Data excerpts
________________
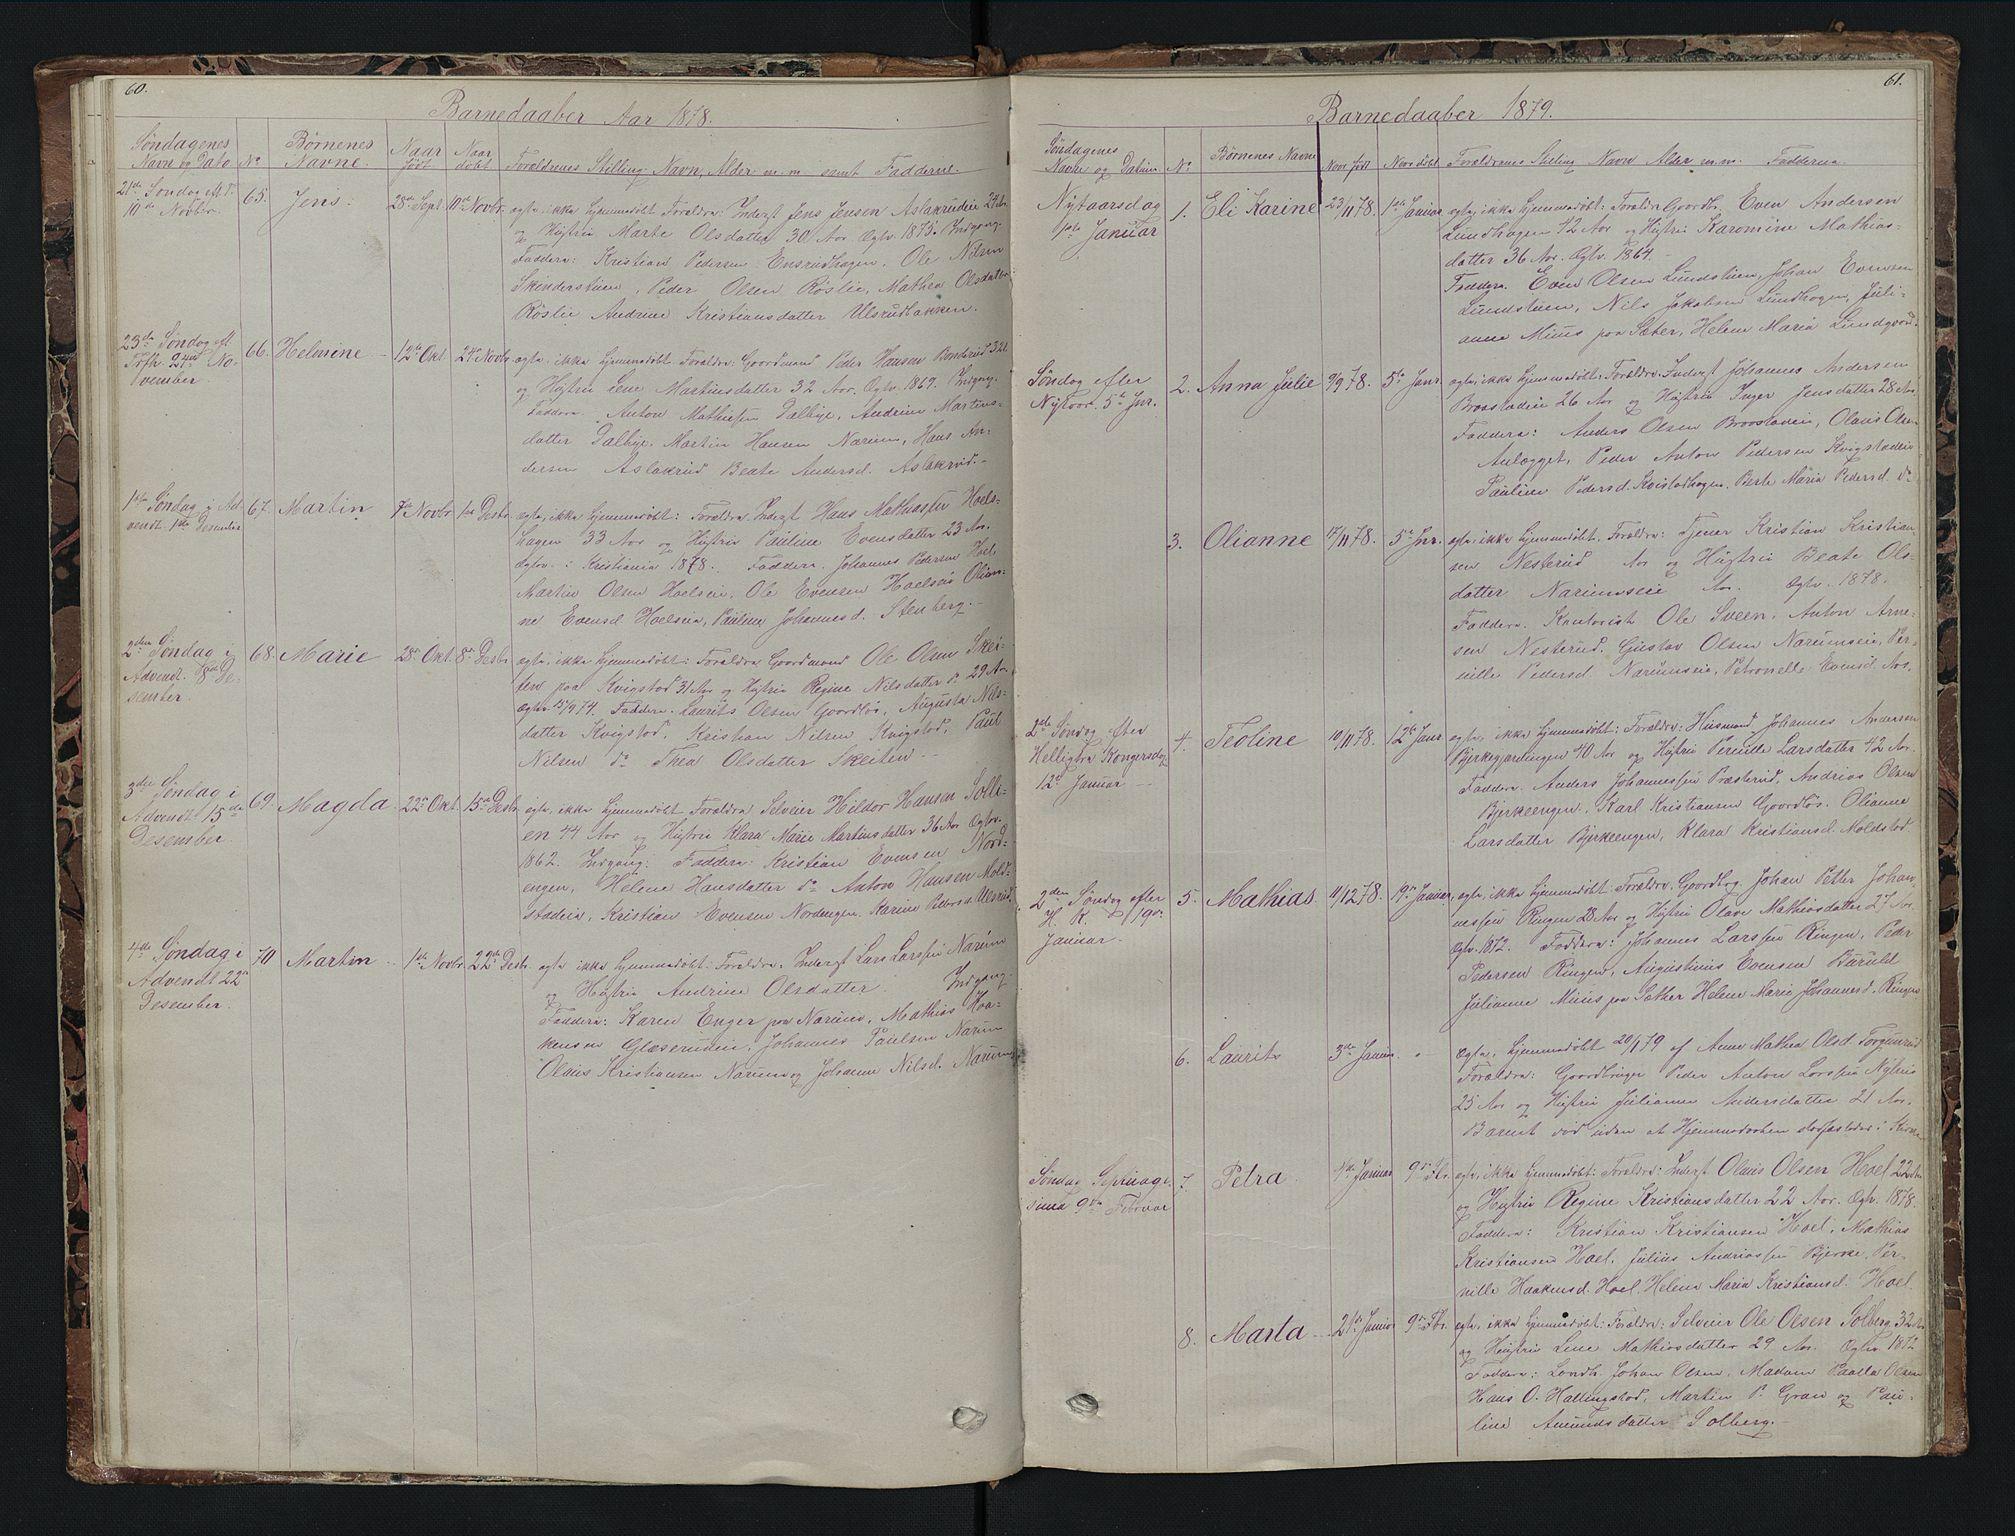 SAH, Vestre Toten prestekontor, Klokkerbok nr. 7, 1872-1900, s. 60-61
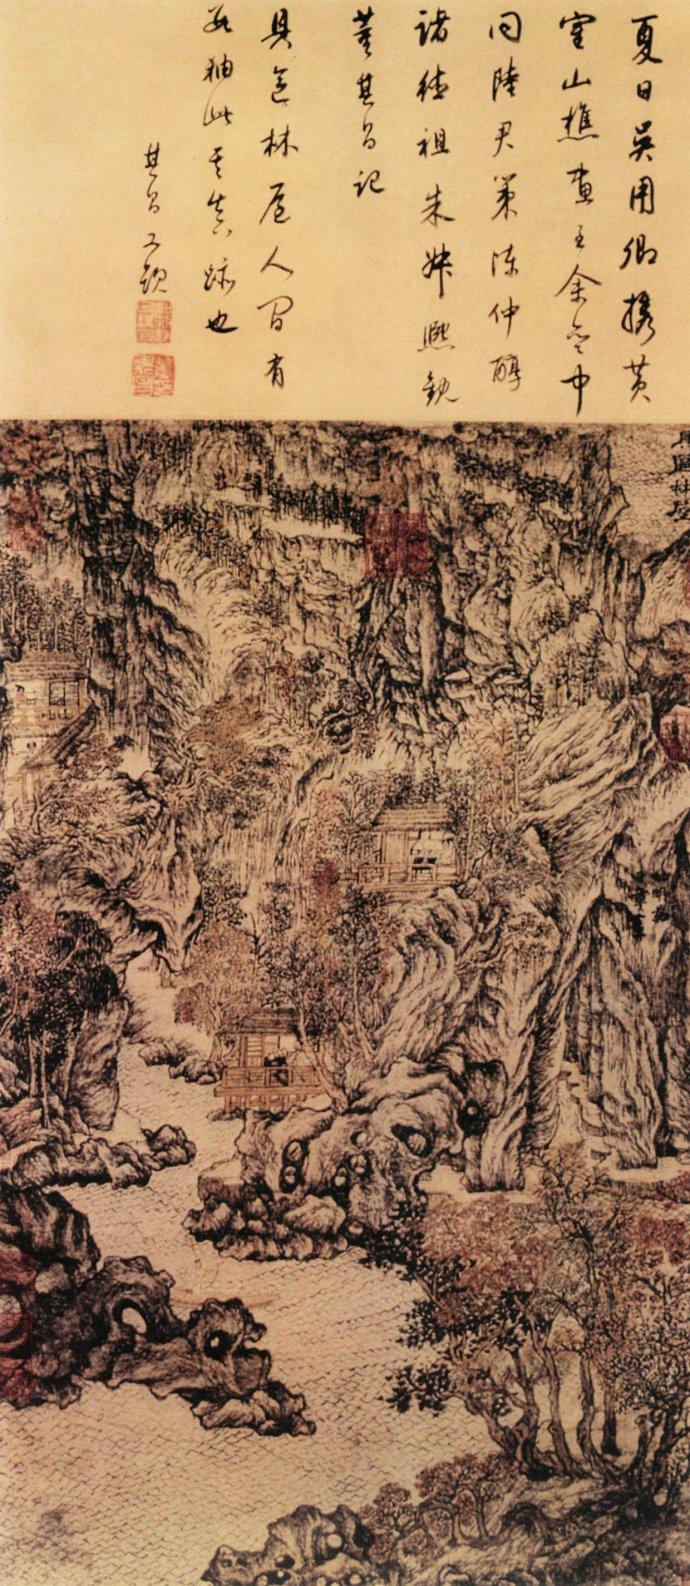 元 王蒙《具区林屋图》
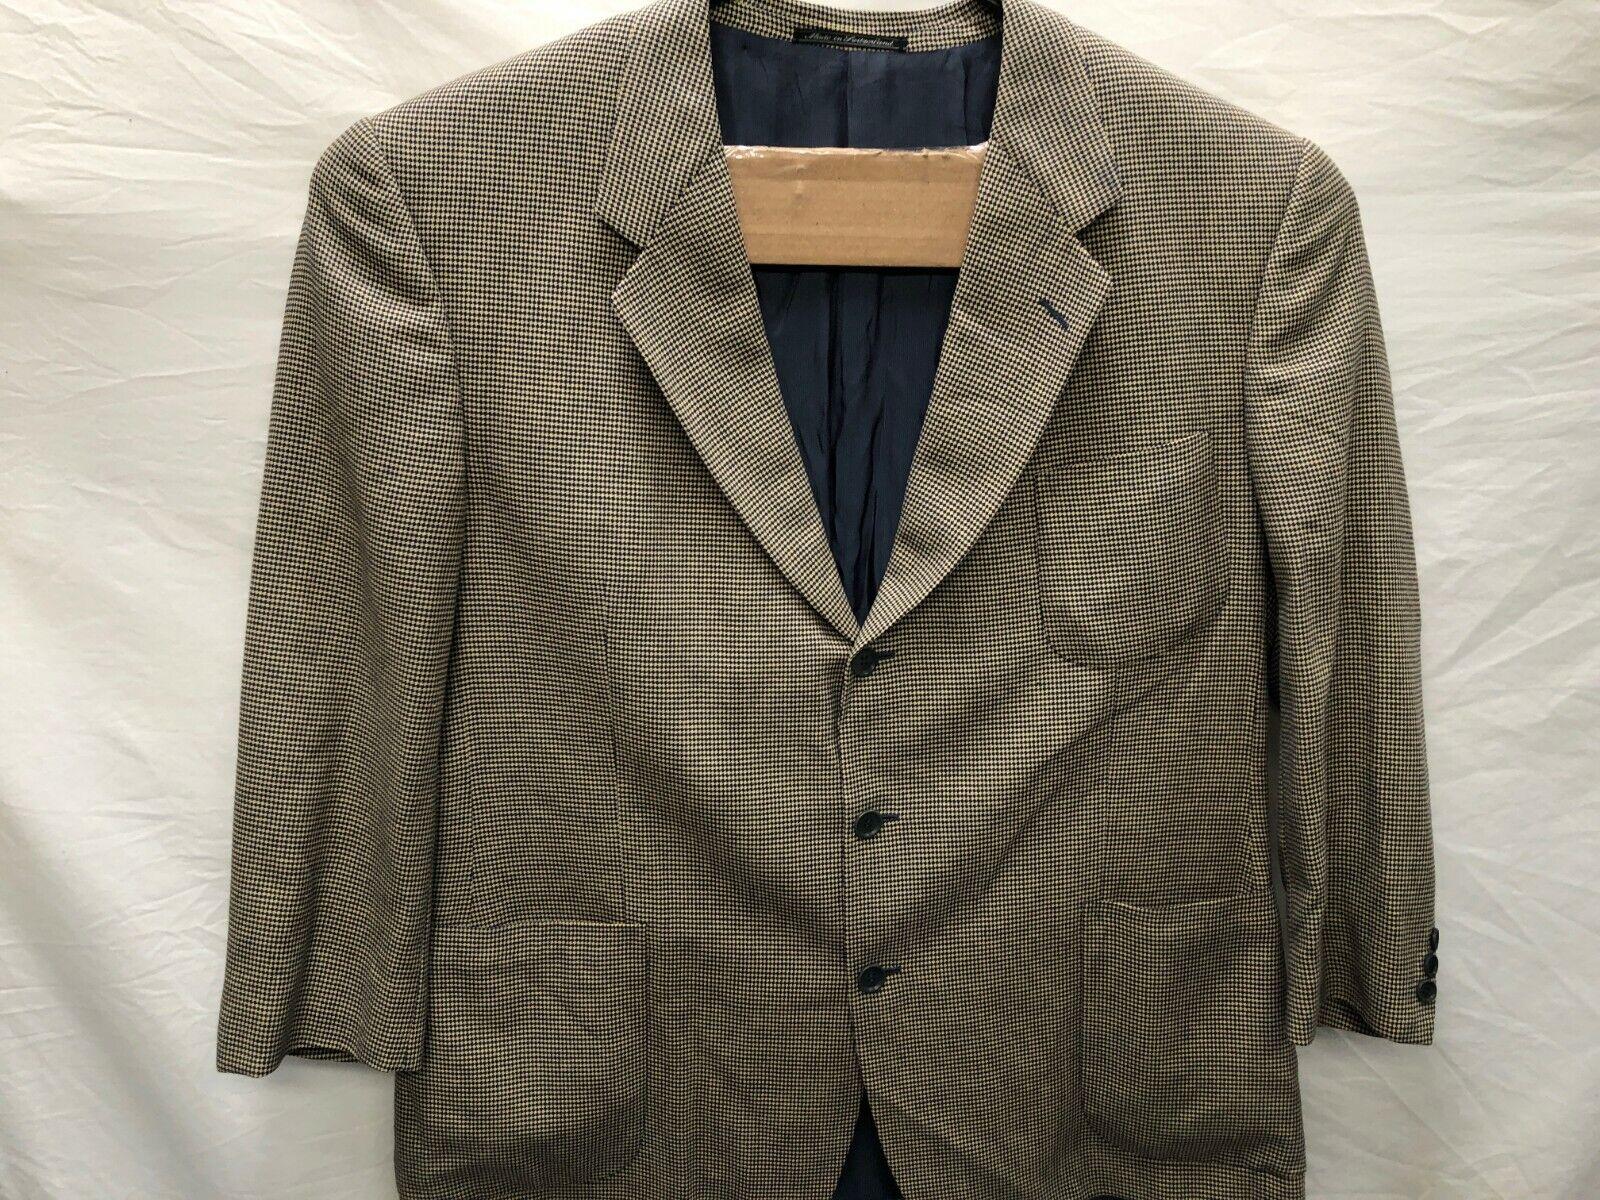 Emenegildo Zegna 1819G0 Silk Wool Blend Mens Herringbone Sportscoat 58R Drop 7
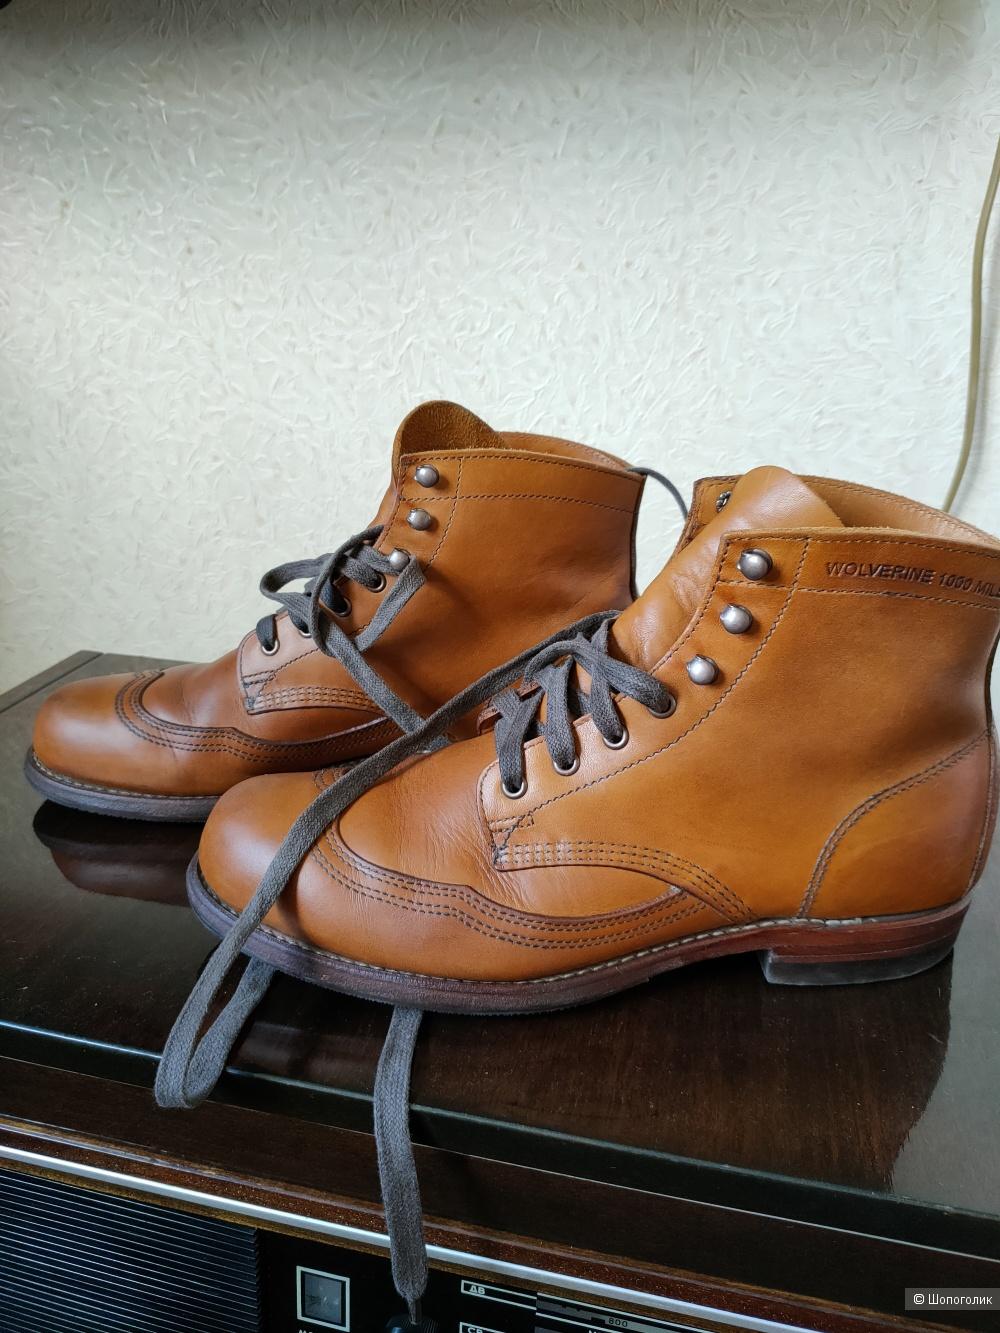 Ботинки Wolverine 1000 Mile USA 8,5, рус 41,5-42
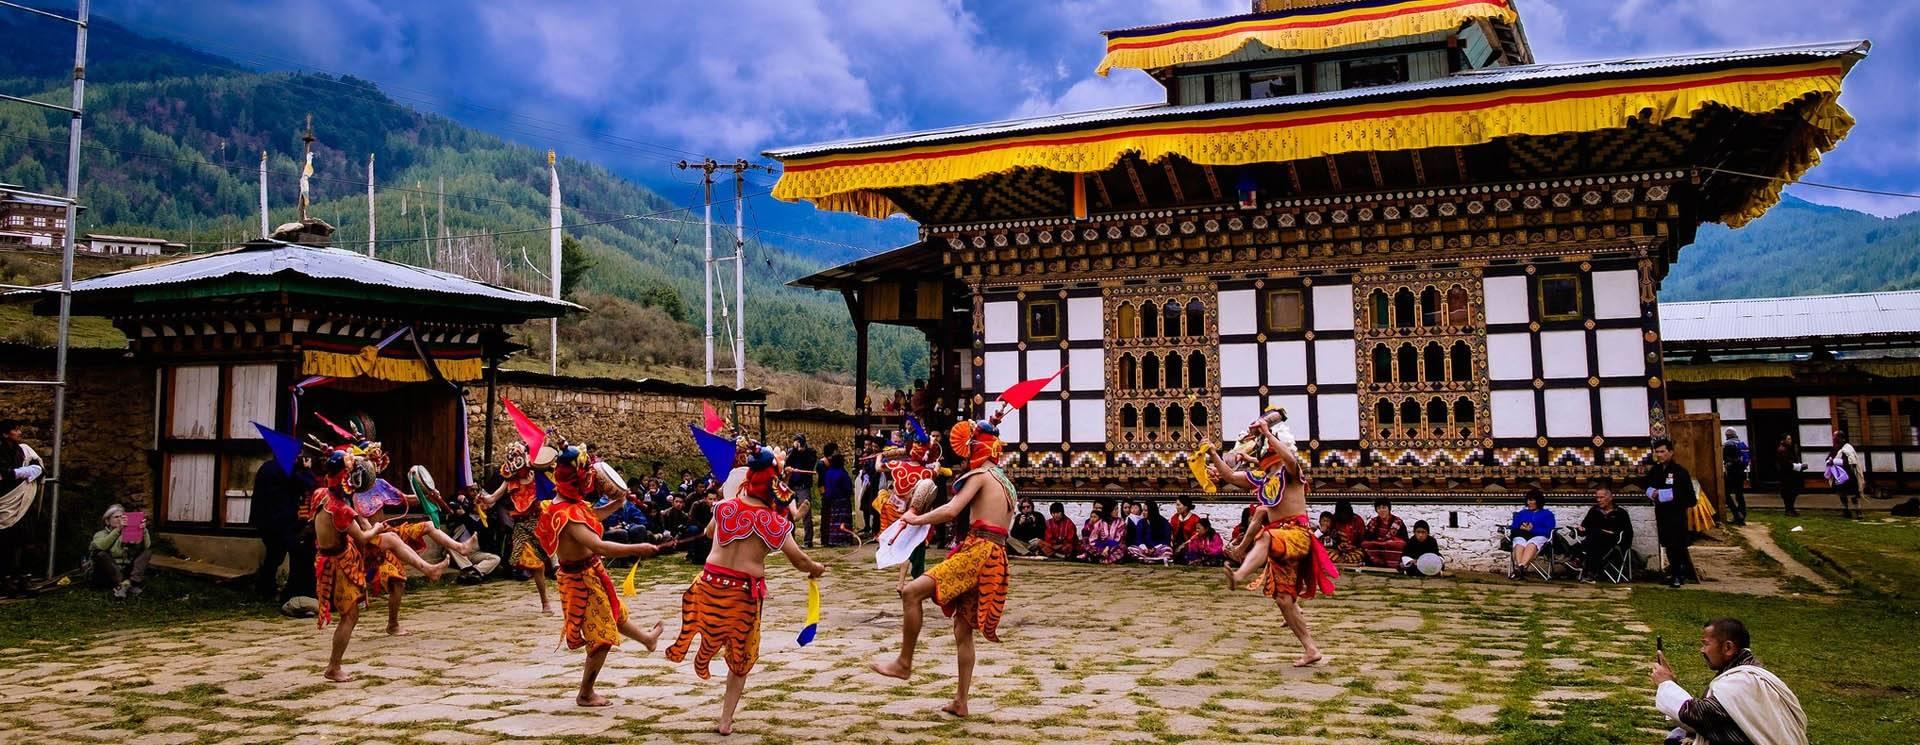 南亚旅游定制
________________
◆ Work task: Quote the entries above word for word. Leave the images out.

◆ Response area:
 SAH, Vestre Toten prestekontor, Klokkerbok nr. 7, 1872-1900, s. 60-61
 元 王蒙《具区林屋图》
 Emenegildo Zegna 1819G0 Silk Wool Blend Mens Herringbone Sportscoat 58R Drop 7
 Ботинки Wolverine 1000 Mile USA 8,5, рус 41,5-42
 南亚旅游定制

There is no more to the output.